In this week’s policy white paper, the Tories propose scrapping the FSA, with the Bank of England given prudential powers and a new Consumer Protection Agency to regulate advisers.
Speaking to Money Marketing, Shadow Treasury Financial Secretary Mark Hoban says: “The RDR is an important process with potentially huge benefits for IFAs. It is in the interest of consumers and the industry to meet the challenges set out, including increasing access to advice. Advisers who give good advice to consumers have nothing to fear from this.”
But when asked if the Conservatives are committed to a 2012 deadline for compliance with the RDR proposals, Hoban says: “I don’t know I can answer that.”
Beachcroft Regulatory Consulting managing director Richard Hobbs says advisers should not assume the RDR will go ahead under a Tory Government. He says: “My advice for advisers is to lobby with particular vigour on the changes they want to see made to the RDR and to delay expensive re-engineering until after the general election when we can see more clearly where the land lies.”
Cicero Consulting managing director Iain Anderson says: “Any new structures will take time to bed in. The trajectory of the RDR is likely to get delayed. It may not be called the RDR any more but the underlying thinking is still likely to emerge at the other end.”

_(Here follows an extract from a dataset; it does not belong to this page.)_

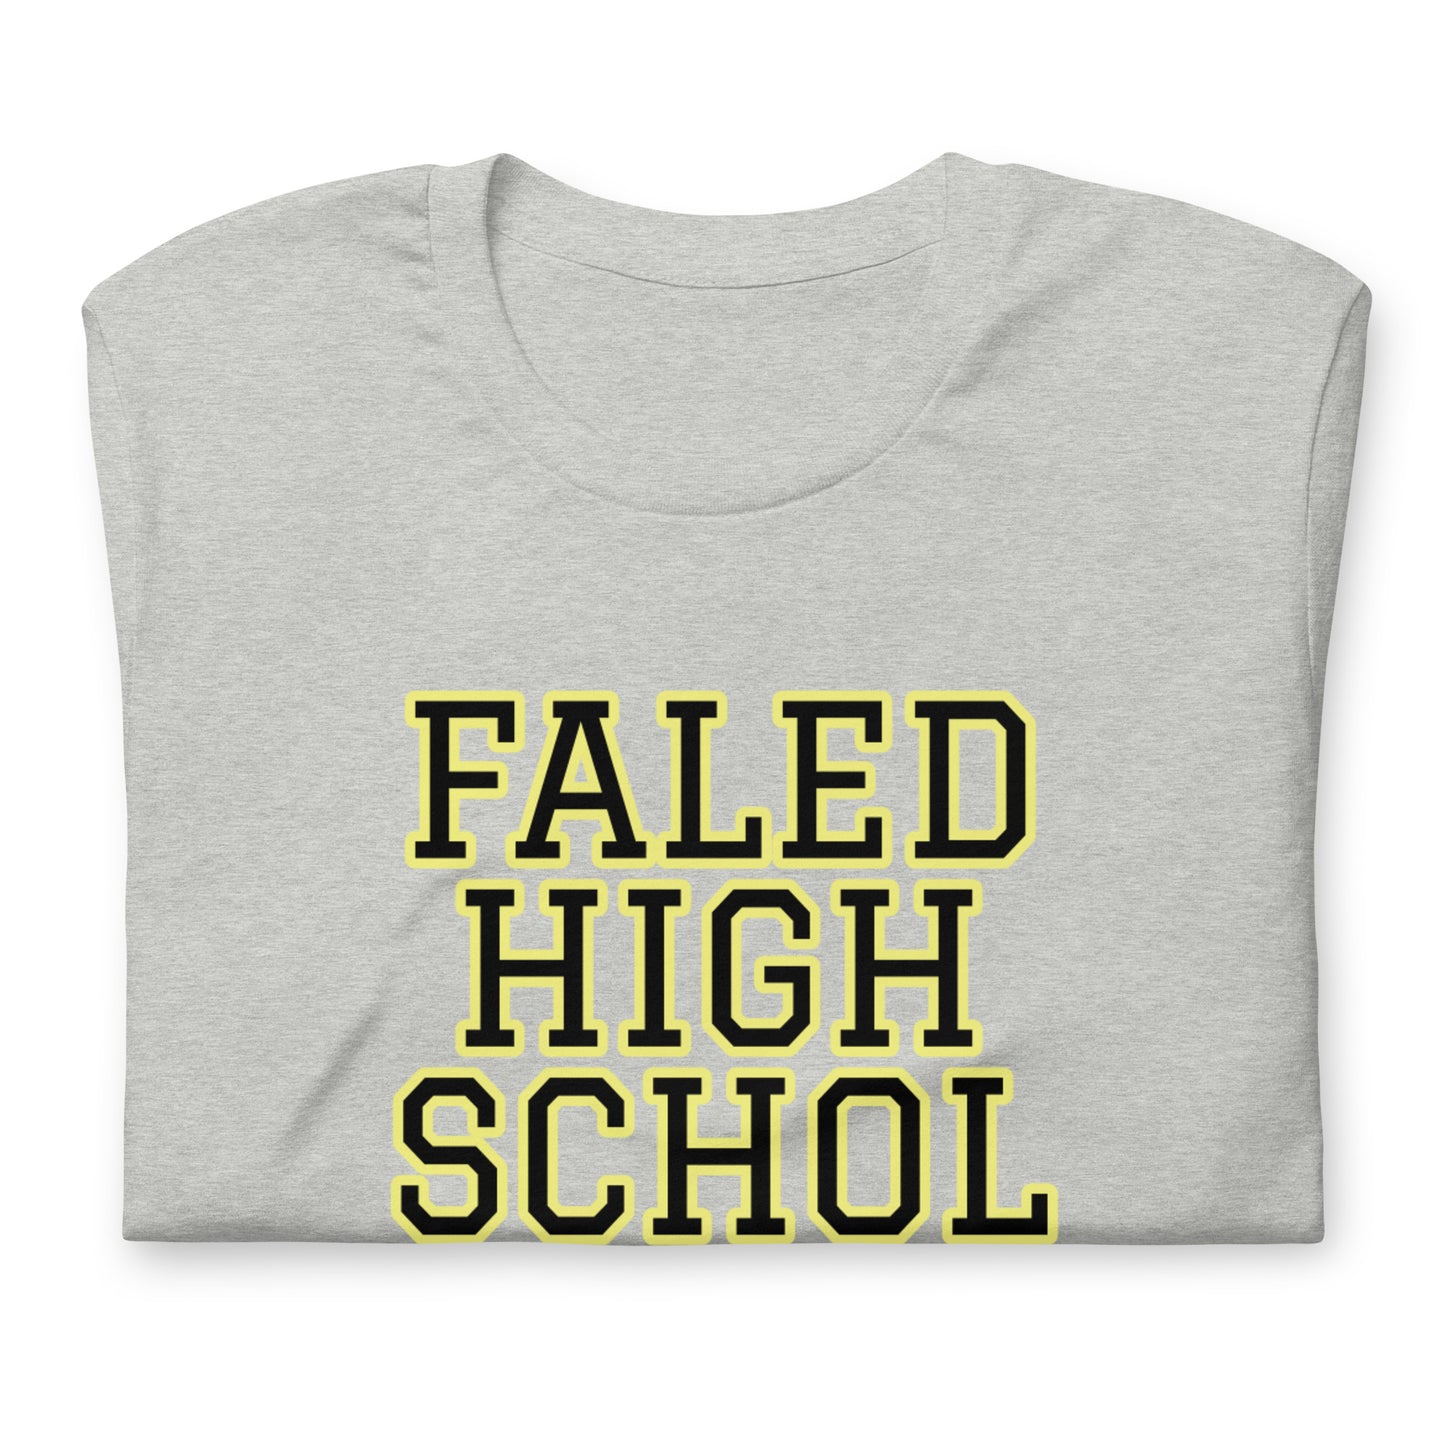 Failed high school
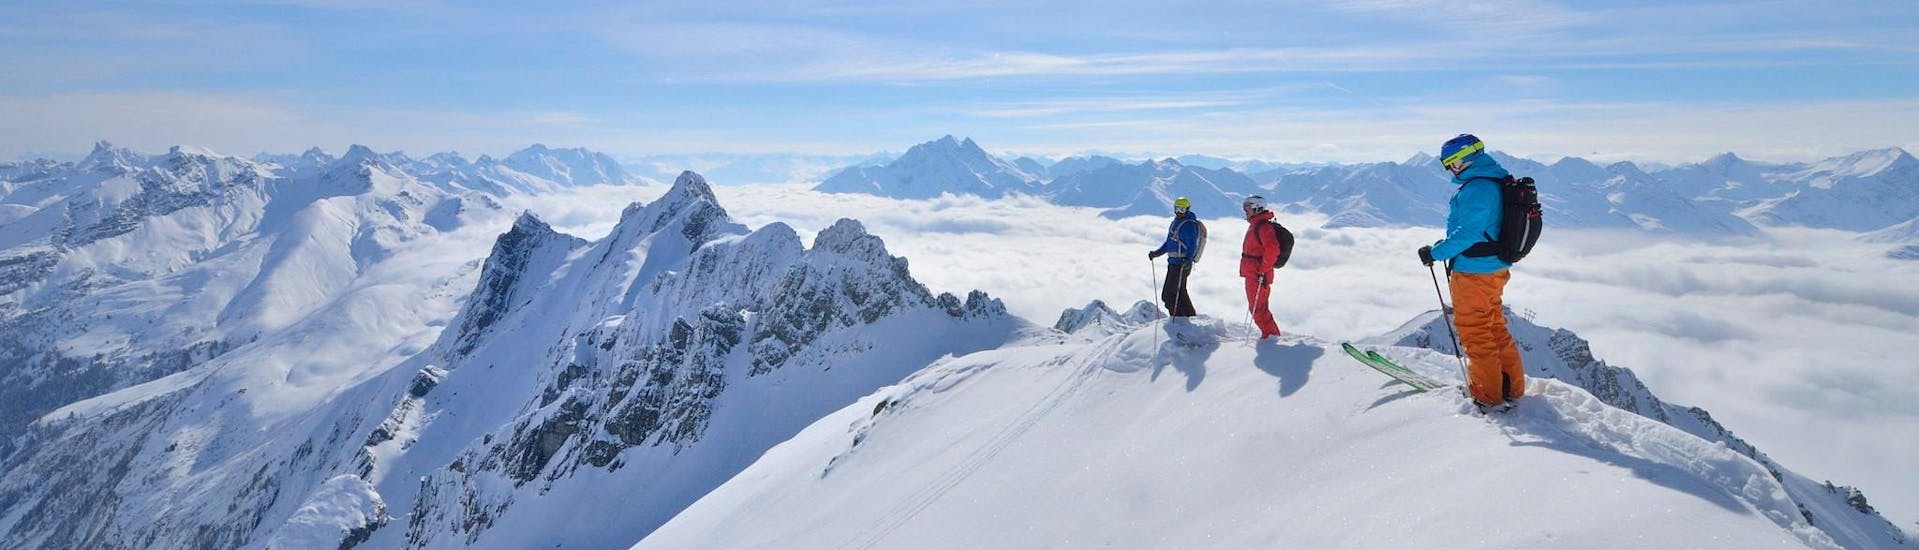 Tre sciatori si trovano sulla cima di una montagna, con vista su un panorama alpino coperto di neve, mentre si preparano per Valanghe & Sicurezza per tutti i livelli con Freeride Hotspot.

Simplybiz chairman Ken Davy says the RDR should be delayed to take account of a likely change in Government and new European regulations planned for 2014. He says: “These proposals, combined with the certainty of a general election in less than a year, shine a spotlight on the RDR, particularly the unseemly haste with which the FSA is trying to steamroller the far-reaching, radical and expensive RDR proposals through.”
But Personal Finance Society chief executive Fay Goddard says: “Against this background of political uncertainty, doing nothing would seem to be a very high-risk strategy and one that could see firms putting their entire business at risk. Our view is that the RDR will go ahead as laid out.”